Solve $5991x + 289 \equiv 0 \pmod{2014}$

Question

Solve:

$$5991x + 289 \equiv 0 \pmod{2014}$$

$$5991x \equiv -289 \equiv 1725 \pmod{2014}$$

I need to find the inverse of $5991$ modulo $2014$.

Start with Euclid's algorithm:

$$5991 = 2(2014) + 1963$$

$$2014 = 1(1963) + 51$$

$$1963 = 38(51) + 25$$

$$51 = 2(25) + 1$$

$$25 = 25(1) + 0$$

So how should I get the inverse?

Thanks!

Answer 1

To calculate the modular inverse one uses the extended Euclidean algorithm. Normally, one can perform this in parallel but with some methods it works also afterwards.

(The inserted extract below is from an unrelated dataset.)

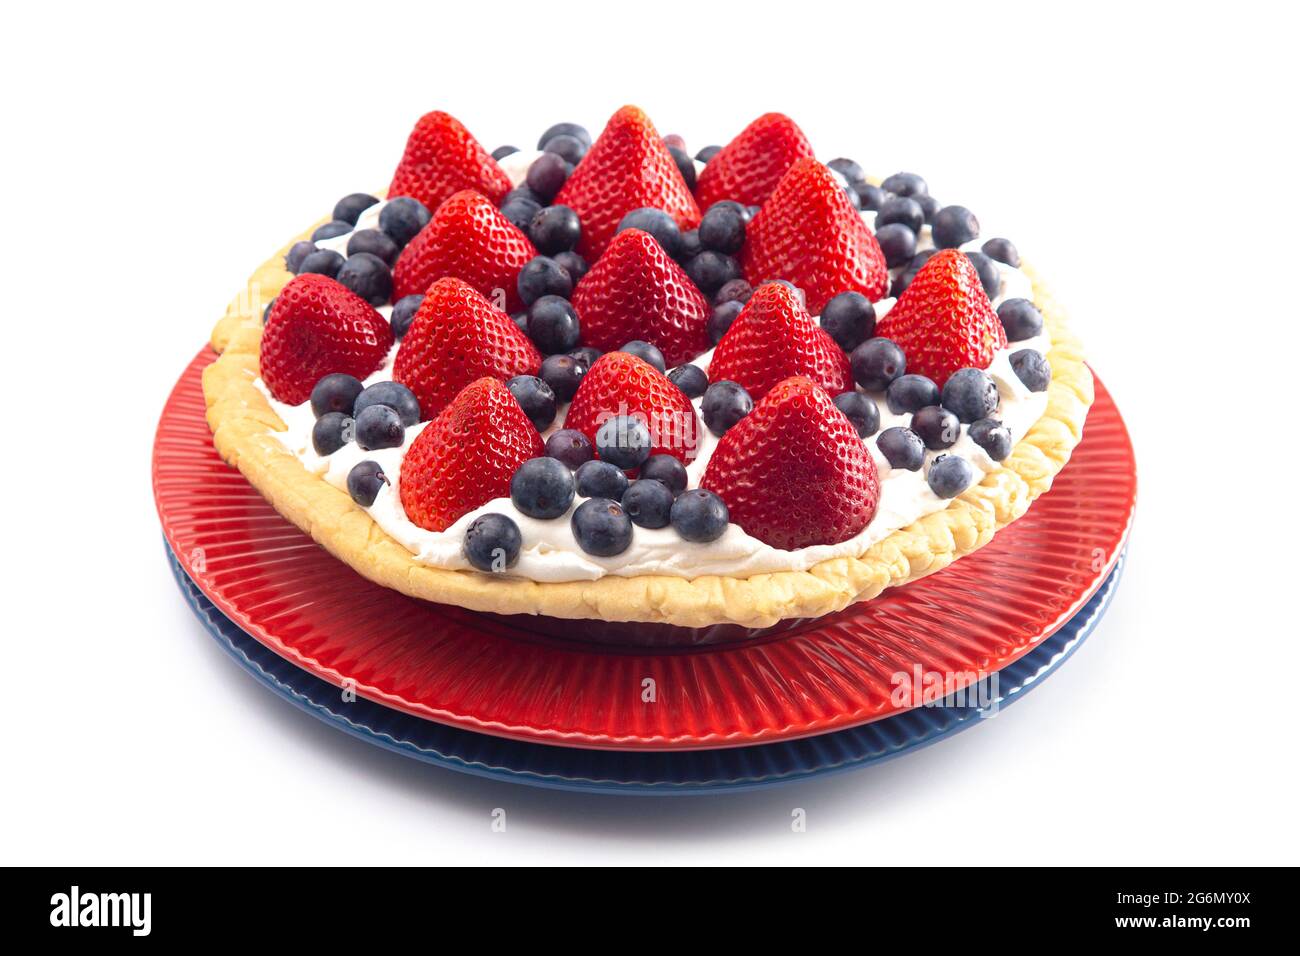 Strawberry and Blueberry Fresh Summer Pie Isolated on a White Background Stock Photo

Set $s_0 =1$ and $s_1 = 0$, and calculate $s_{i+1}= s_{i-1}- q_i s_i$ where $q_i$ are the quotients you found. Then $s_{k+1}$ is your modular inverse; where $k$ is such that the $k$-th reminder is the $\gcd$. See the linked to site for details.

So:

• $s_2 = 1 - 2 \cdot 0= 1$,
• $s_3 = 0 - 1 \cdot 1 = -1 $,
• $s_4 = 1 - 38 \cdot (-1)= 39$,
• $s_5 = -1 - 2 \cdot 39 = -79$

You are done! The modular inverse is (the class of) $-79$. Note that the sequence of the $s_i$ so $1,0,1,-1, 39, -79$ is the exact same sequence and you performed the exact same computations that were performed in my other answer

The only difference is that here we did all the calculations for the right-hand side first; this is what you did, and then did (half) the computations for the left-hand side afterwards. I say "half", as we only computed the coefficient for the $5991$ not for $2014$. Though you could compute it in about the same way; see the calculation of the $t_i$ on the linked to page though it is really the same recursion as for the $s_i$, only the starting values are flipped, so $t_0 = 0$ and $t_1 = 1$.